Dude, this is the B12 section. Of course you should do the swap. You would be the first. :cheers:


----------



## JustinP10 (Apr 30, 2002)

b12boi said:


> sr20det in a b12 has been done allready and no majour probs . people telling me that the sr20vet has too much power for the b12 and i should consider putting the engine in a b14 instead .they tell me shocks and springs are going to be expensive and even with the best traction is going to be a majour problem ....i wondering if to try to prove them wrong .

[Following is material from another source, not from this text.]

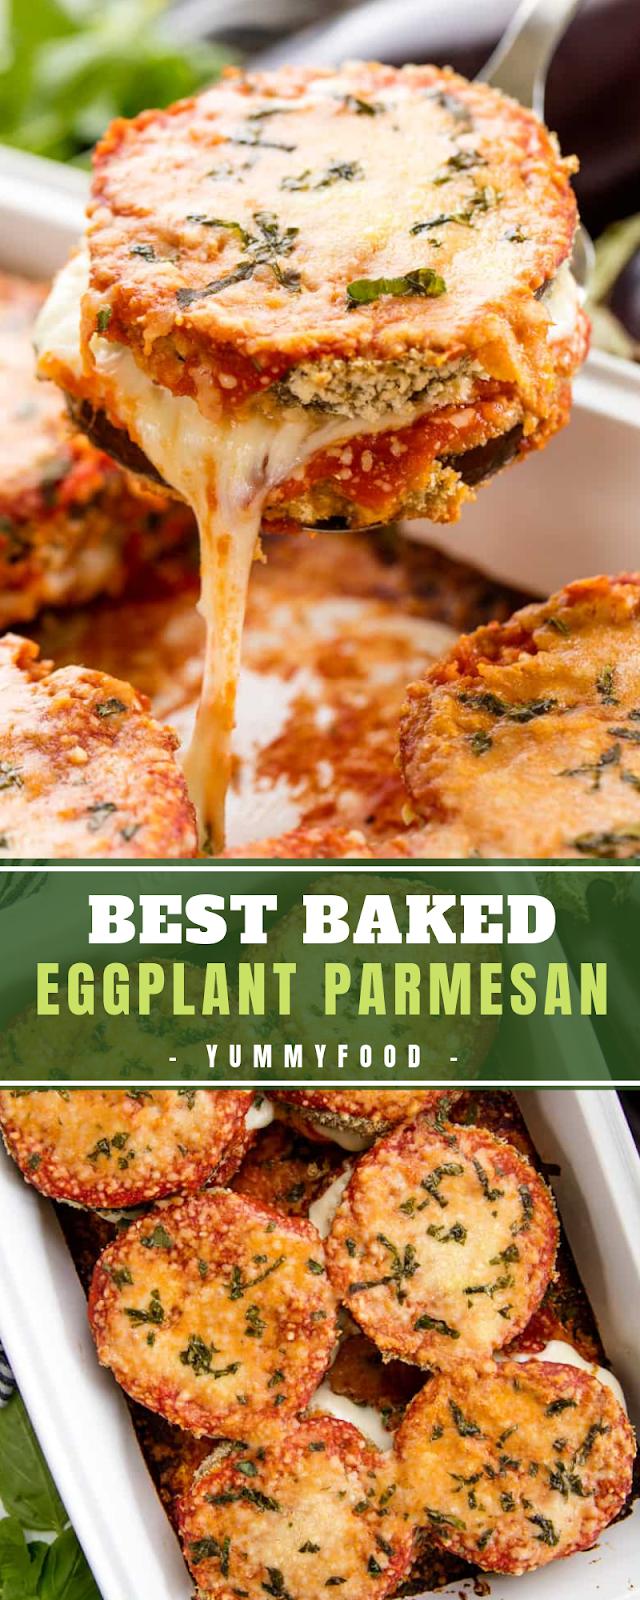 Bеѕt Baked Eggplant Pаrmеѕаn

I'm aware it's been done, I've seen one in person, one with LOTS of power. There's nothing in the VET that'll allow you to make a TON more power than the DET. For the same money you'll probably put down a lot more power with the DET than you would in a VET. If the chassis can handle a DET, it can easily handle a VET.


----------



## Myetball (Dec 15, 2002)

Has everyone forgotten that boost_boy is running a 300+ hp CA18DET in his B12? If that's not enough horsies, let's not forget he's currently building a 600+ hp CA18DET also slated to power a B12. Anyone telling you the VET will be too much for a B12 is just blowing smoke up your wazoo. More likely they really don't know what they're talking about, just making unedjumacated statements.


----------



## Red_Coupe (Mar 20, 2003)

hey don't forget Charles with his b12 SR20DET with 300+,and Nismodriver 400+ b12SR20DET.

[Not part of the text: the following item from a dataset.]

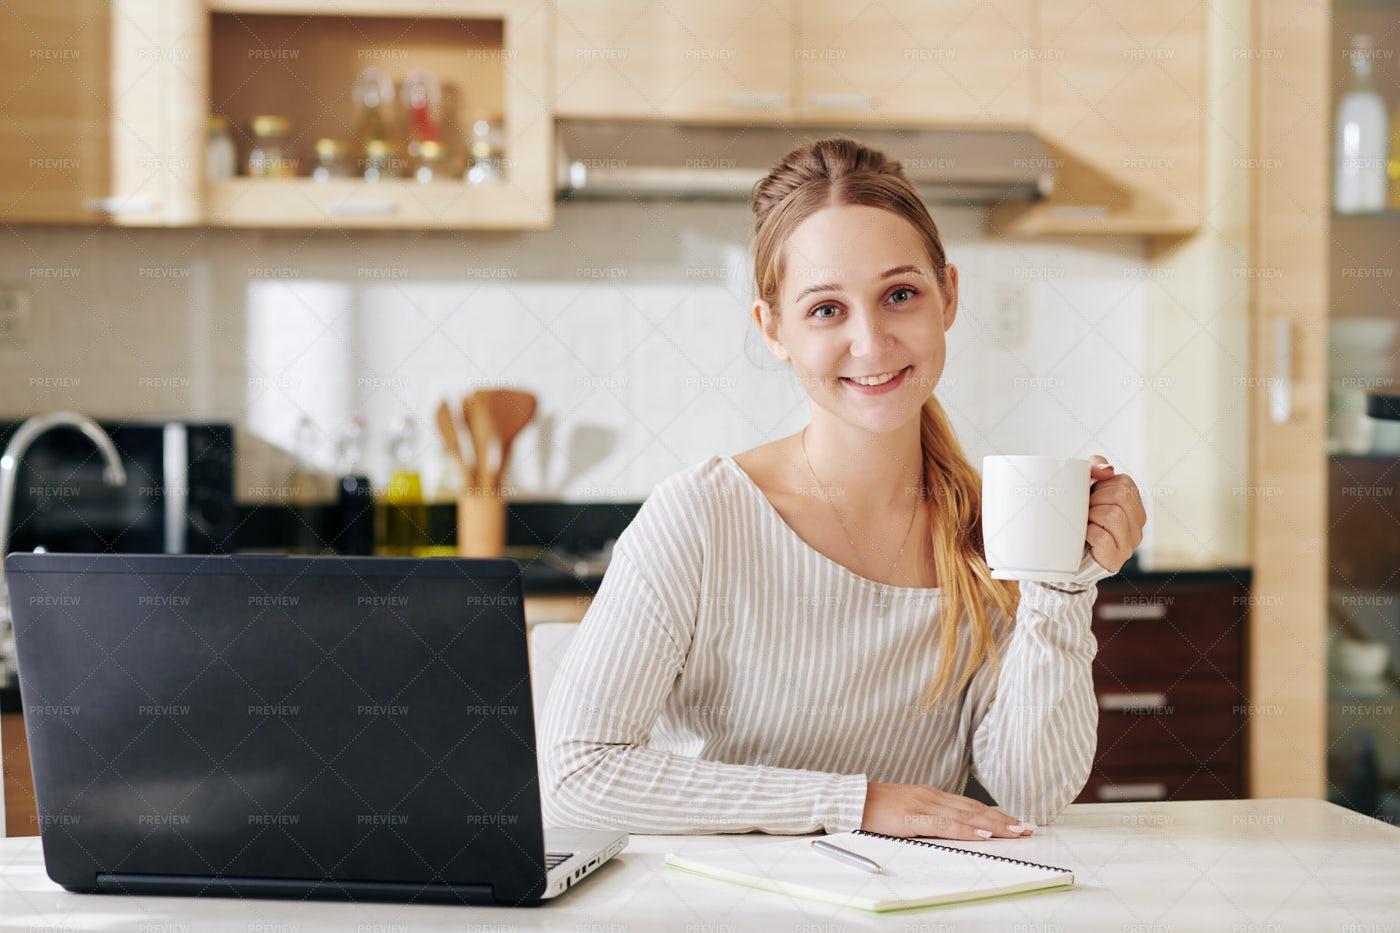 Pretty Woman At Kitchen Table: Stock Photos

not to say the b12 has 200-250 Lbs.less than a b14's GVW. I think justin has a very good point.


----------



## b12boi (Dec 21, 2003)

JustinP10 said:


> I'm aware it's been done, I've seen one in person, one with LOTS of power. There's nothing in the VET that'll allow you to make a TON more power than the DET. For the same money you'll probably put down a lot more power with the DET than you would in a VET. If the chassis can handle a DET, it can easily handle a VET.





hmmmmm ok then ...

what suspension upgrade you all think would be needed ?? 
i was planning on using the kyb shocks and the eibach springs.......and probably the b14 -4 wheel disc brakes?????? .any suggestions ???


----------



## BennittoMallito (May 20, 2002)

It's more headache than it's worth. Here's why; 

Who the fuck are you going to get to help you tune it? Nobody knows about these engines. You will be all alone when its time to do wiring harness. You will be the one to have to trouble shoot and find out that you need a USDM distro, and a JDM thermostat, and a US fuel rail and a JDM... get the point? 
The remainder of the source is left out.